For decades, prominent writers and intellectuals have warned that we’re already in a metaverse. Chief among them is French theorist Jean Baudrillard, whose seminal 1981 work Simulacra and Simulation described the contours of it—not as one unified platform but a digital archipelago of images and signs from a new realm of computer, media, and technological experience.
A good way to think of this informal metaverse is a summary of Baudrillard’s work in the Stanford Encyclopedia of Philosophy. “Caught up in the universe of simulations, the ‘masses’ are bathed in a media massage without messages or meaning, a mass age where classes disappear, and politics is dead, as are the grand dreams of disalienation, liberation, and revolution.”
Other writers and intellectuals have described this “universe of simulations” as well; Guy Debord labeled it the Society of the Spectacle, Marshall McLuhan’s version was the Global Village, and for Thomas de Zengotita, it’s The Blob. Here from the confines of the metaverse, we might know it better as The Matrix. One journalist recently compared the metaverse to The Matrix but “without the tubes and the enslavement.”
Baudrillard was something of a spirit animal for the Keanu Reeves films, but he was famously not impressed with their philosophy.
The Matrix, he thought, was built on a false binary between the artificial world of computers and the real world of flesh and blood. Those two realms had long ago collapsed into a manufactured simulation of reality, a “hyperreality” that we had lost the ability to detect, partly because the system had a defense mechanism. It tried to “reinject the real and the referential everywhere, to persuade us of the reality of the social, of the gravity of the economy and the finalities of production,” he wrote. Hence, The Matrix, was the byproduct of an established order reassuring us that there was an authentic reality left to preserve from the threat of artificial intelligence. “The Matrix is surely the kind of film about the Matrix that the Matrix would have been able to produce,” Baudrillard wrote in 2004.

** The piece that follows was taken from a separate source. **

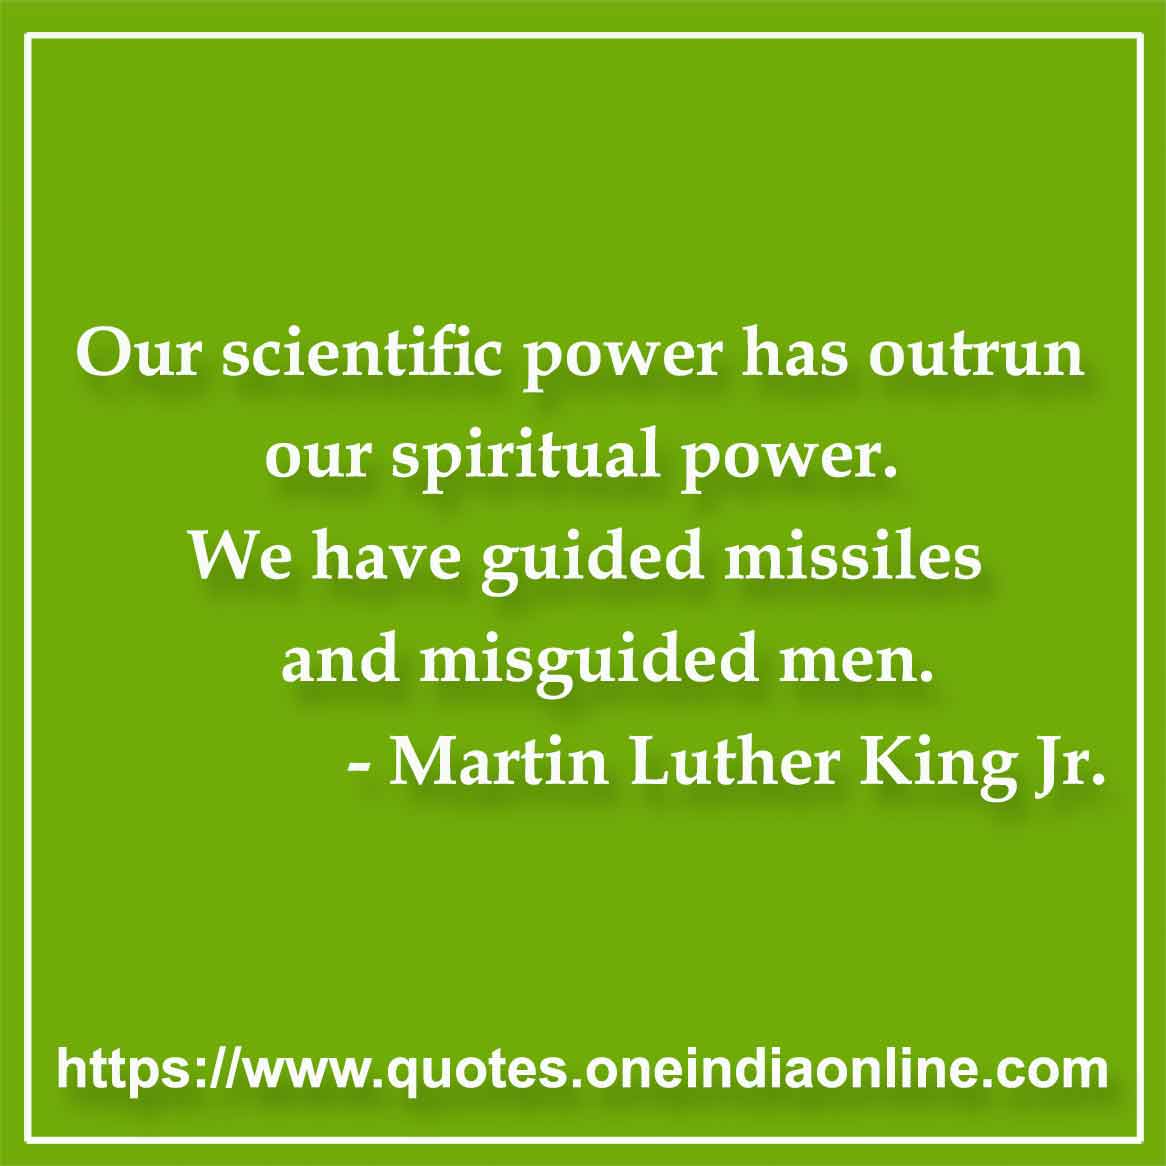 Our scientific power has outrun our spiritual power. We have guided missiles and misguided men.

- Martin Luther King Jr. Quotes

Walt Disney’s theme parks worked the same way, he insisted. Disneyland needed to exist in order to convince an earlier generation that we were living in the Real World. The childlike fantasies of the Magic Kingdom served as an “ideological blanket” that hid the fact that every place surrounding it had already become a manufactured simulation of reality. America essentially was Disneyland, a pacified phantom of its former self reflected back to us by the mass media’s carnival of mirrors.
If he were still alive, Baudrillard might argue something along those lines with the Metaverse. The promise—and possible failure—of the blockchain-powered digital playground of the future may function as a useful camouflage that conceals the fact that contemporary America is the metaverse.
Ultimately, the Metaverse™ may need to die so that the metaverse can live.